PERPISAHAN ITU HARUS TERJADI
DN Sarjana
Disela istirahat mereka menikmati suadana alam dilingkungan hotel yamg lumayan sejuk. Sambil menyuapi Dedi buah melon, Lely melanjutkan pembicaraan. "Kak Dedi, aku kan suka fashion. Aku pingin kuliah dibidang itu".
"O, bagus itu. Bidang desainner, trens. Kehidupan sekarang kan pashion itu penting untuk menambah percaya diri. Tidak hanya anak muda, tapi kalangan tua juga banyak yang menyukai", jawab Dedi sambil mengunyah buah melon.
"Di Bali ada ya Kak Dedi?"
"Apa harus di Bali. Apa karena ada aku?" Dedi menggoda.
"Kalau aku jawab ya?" Lely menjimpit tangan Dedi.
"Aduuh sakit Mam". Dedi keceplosan bilang mama.
Wajah Lely memerah. Dia kelihatan sedikit malu dipanggil mama. Tapi hatinya mekar secercah mawar. "Uh, dari kapan aku jadi mama mu Ded?. Ngaco aja".
"Dari kemarin itu. Aku kan melihatmu di kamar mandi". Lely semakin keras menjimpit tangan Dedi. Dia berdiri dan memeluk Dedi dari belakang. Dedi tak menyia-nyiakan luapan cinta kekasihnya. Seperti burung camar meliak-liuk, mengikuti irama hempasan angin dingin tuk berguling di dahan daun cemara.
Cukup waktu yang dihabiskan, Dedi  meneruskan cerita soal pilihan kuliah. "Di Jogja juga ada kok. Banyak desainer nasional tamatan Jogja. Jadinya aku tambah sering pulang ke Jogja".
"Pas, Ded. Kamu pinter. Aku akan bilang sama ibu bahwa aku kuliah di Jogja".
Waktu begitu cepat berlalu. Hidangan yang tersaji dari hotel, terkesan hambar dan tidak begitu menggoda bagi Dedi dan Lely.

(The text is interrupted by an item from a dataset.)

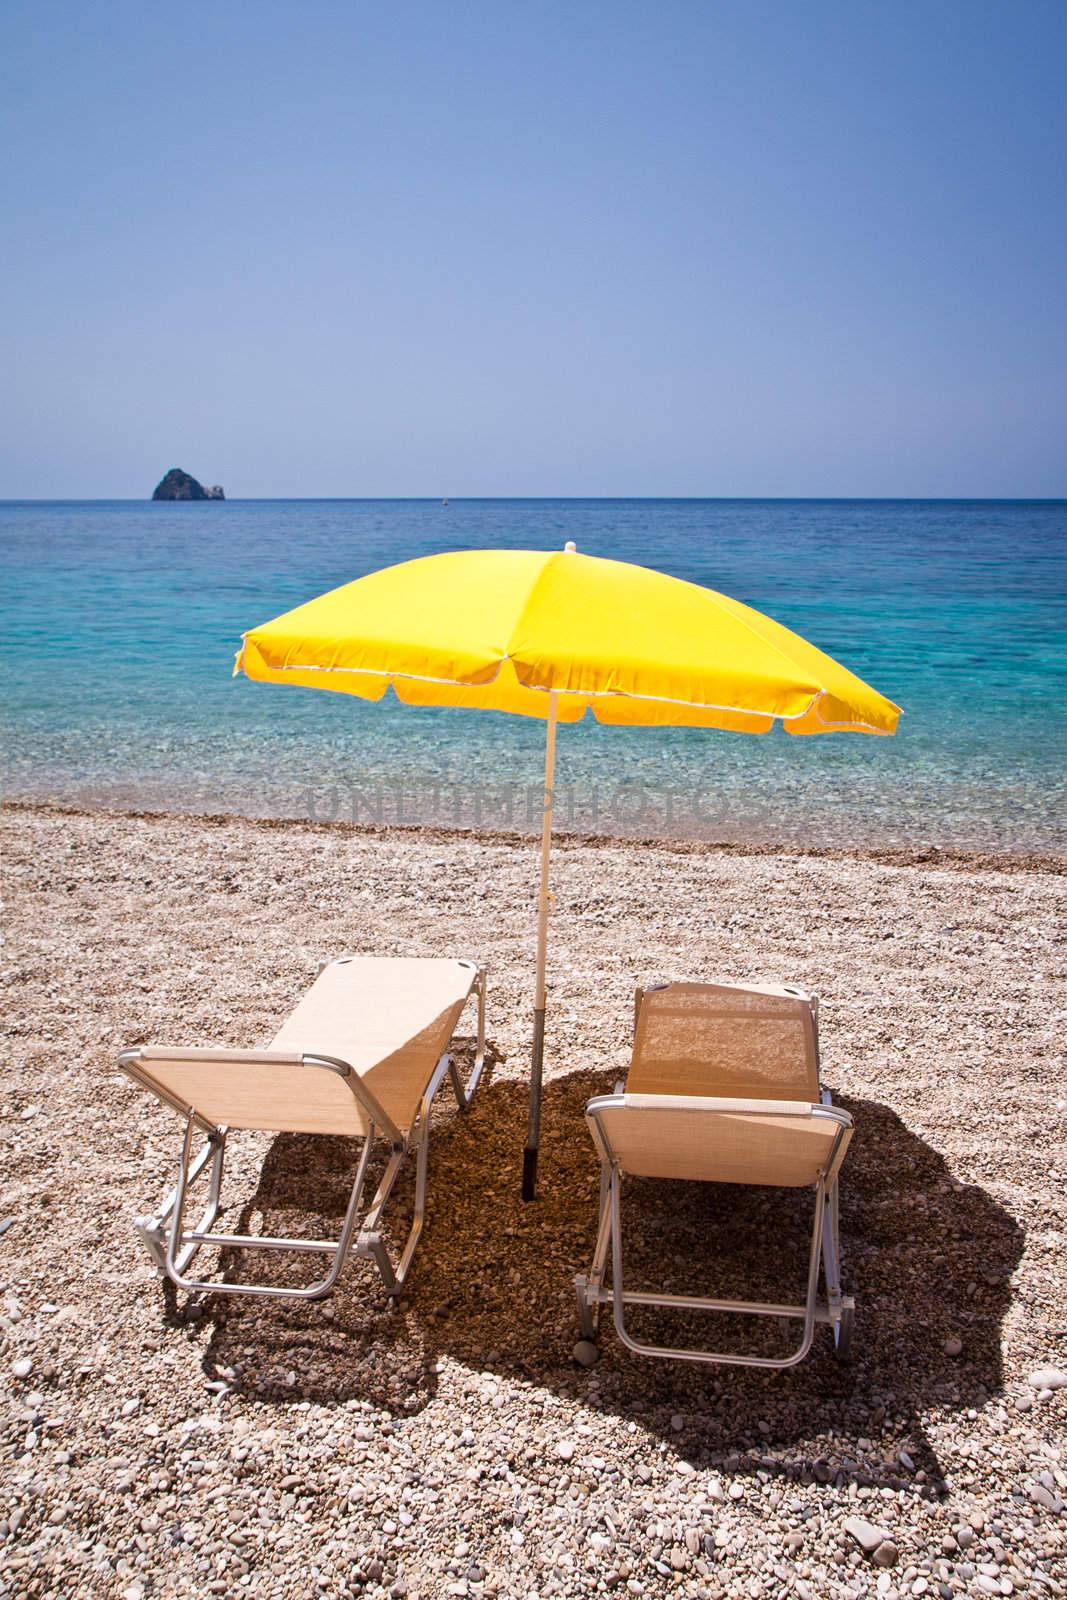 Parasol and sun loungers on the beach

Ia tidak bisa membayangkan betapa perih rasa ketika sebentar lagi harus berpisah. Rajutan kasih yang tersisa, ambyar begitu saja karena perpisahan tak kuasa dibendung. Kehadiran sore nan cerah, namun awan gelap tetap saja bergelayut. Sama seperti gelap nya hati Lely, sangat berat jauh dari sisi Dedi. Dia merasa takut kehilangan. Kehadiran Dedi bagai cahaya, menerangi jalan gelap hari-hari lalu buat Lely. Tapi, tak mungkin juga Lely tetap di Bali.
Sambil memegang jemari, Dedi berucap, "Lely, aku sangat mencintaimu. Percayalah. Aku tahu naluri perempuan sangat sulit meyakini. Apalagi kita berjauhan".

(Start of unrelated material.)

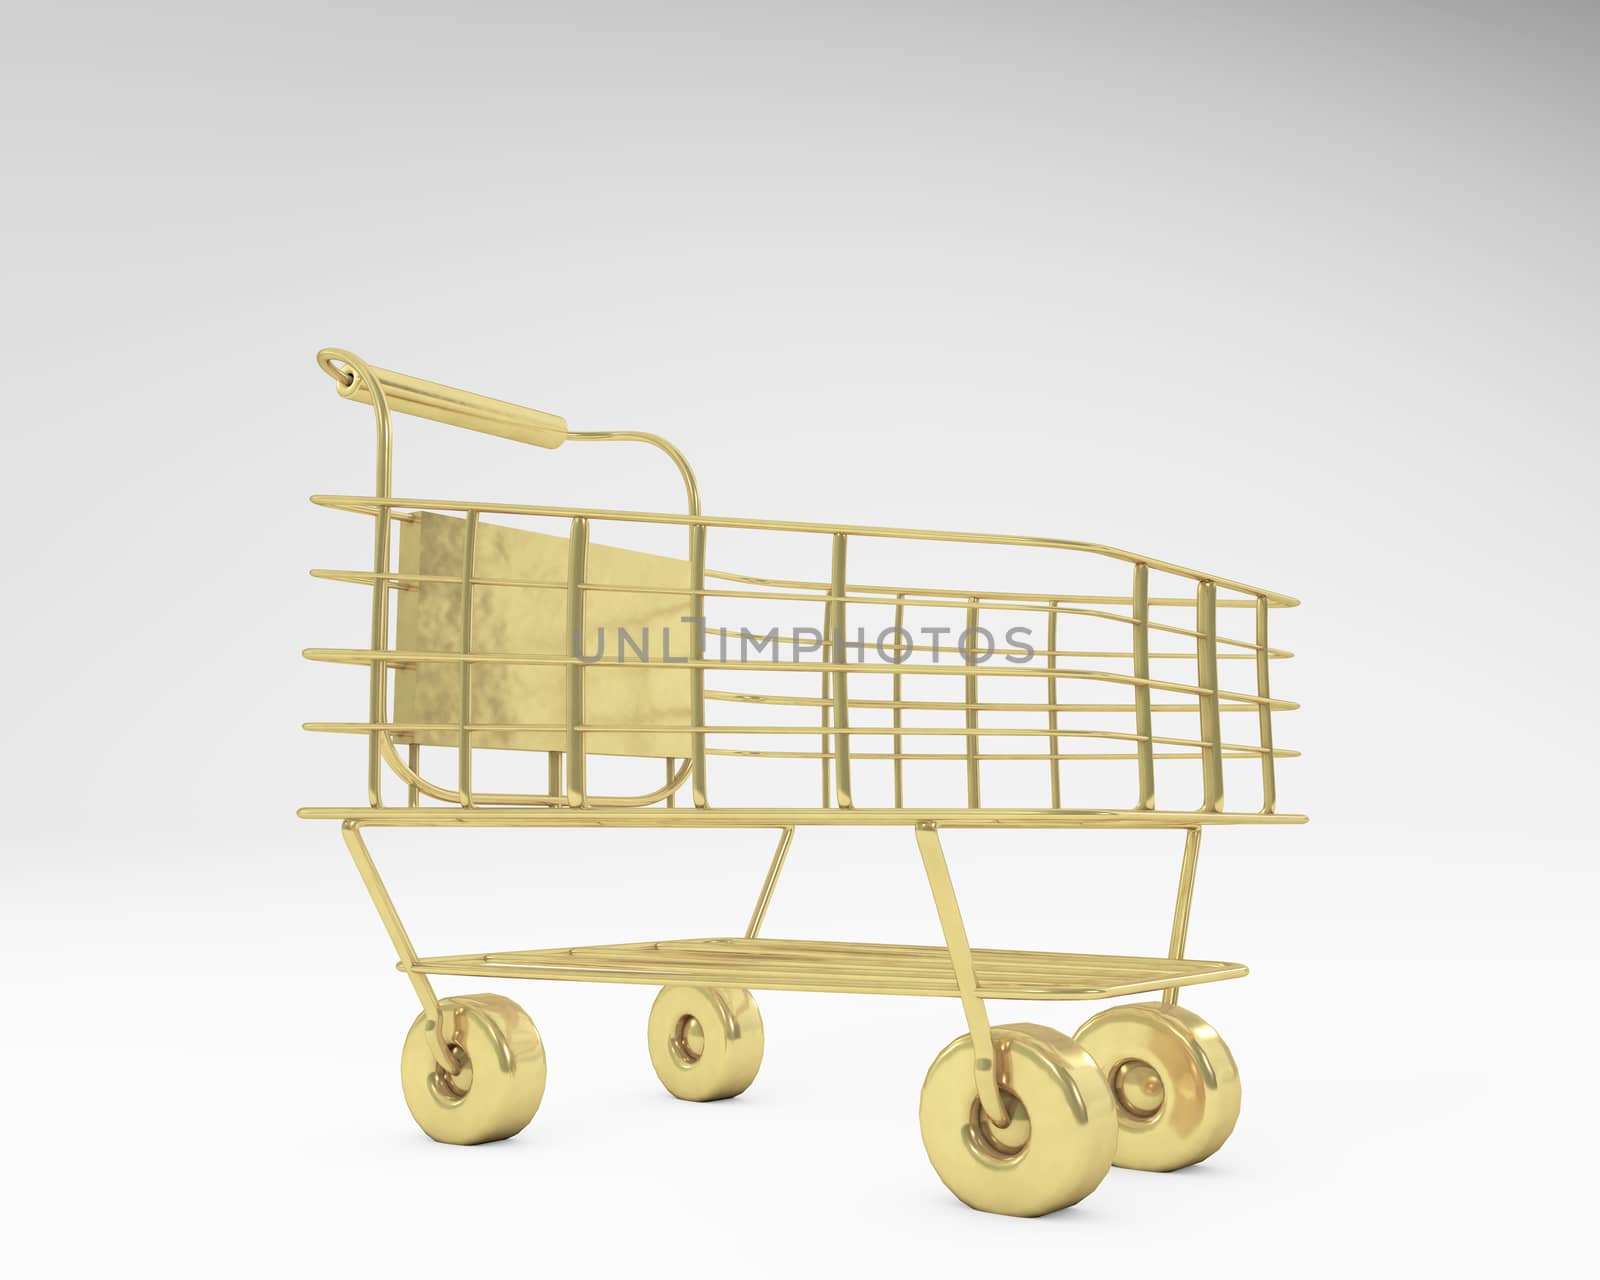 Shopping Cart golden texture close up perspective 3d rendering isolated on white

Lely berusaha menahan air matanya. Ia menambah erat genggaman Dedi. "Kau segalanya bagiku. Kehadiranmu menghapus hidup terbelemggu yang aku rasakan Ded". Â Lely tidak mampu menahan air matanya. Ia berlari keruangan. Ia tumpahkan kesedihannya hingga jerit tangis memecah kesunyian.
Dedy menyusul Lely. "Sayang, hentikan tangismu". Dedi memeluk Lely. Dibelainya rambut Lely. Dengan tatapan yang tulus, Dedi meyakinkan hati Lely. Kecupan berkali-kali tertumpah di pipi dan bibir Lely. Mereka menjawab semua bayang kerinduan dan kesepian d hari-hari nanti. Sang kala tiada henti memutar waktu.
"Lely, aku pamit dulu ya. Sudah sore. Ntar ibu mu datang. Tidak baik untuk kita berdua, karena restu orang tua belum pasti untuk kita".
Lely tak terima dengan ucapan Dedi. "Ded, itu tidak boleh terjadi. Aku tidak menginginkan. Siapapun tak boleh mengahalangi kita". Lely mengguncang badan Dedi.
"Ya, aku punya harapan yang sama. Tapi kali ini kita berpisah dulu".
Lely menganggung sambil merenggangkan pelukan Dedi. "Jangan khianati cintaku Ded. Kau pertama yang mampu meruntuhkan pribadiku".
Sekali lagi Dedi mengecup bibir Lely. Walau langkah terasa berat, tapi Dedi harus menghiklaskan Lely makin jauh dari tatapannya. Namun dia masih menyisakan kenangan yang tak kan dilupakan Lely yaitu lukisan itu. Ada rahasia yang disembunyikan. Entah apa yang akan terjadi, lukisan itu akan mengisahkan nanti.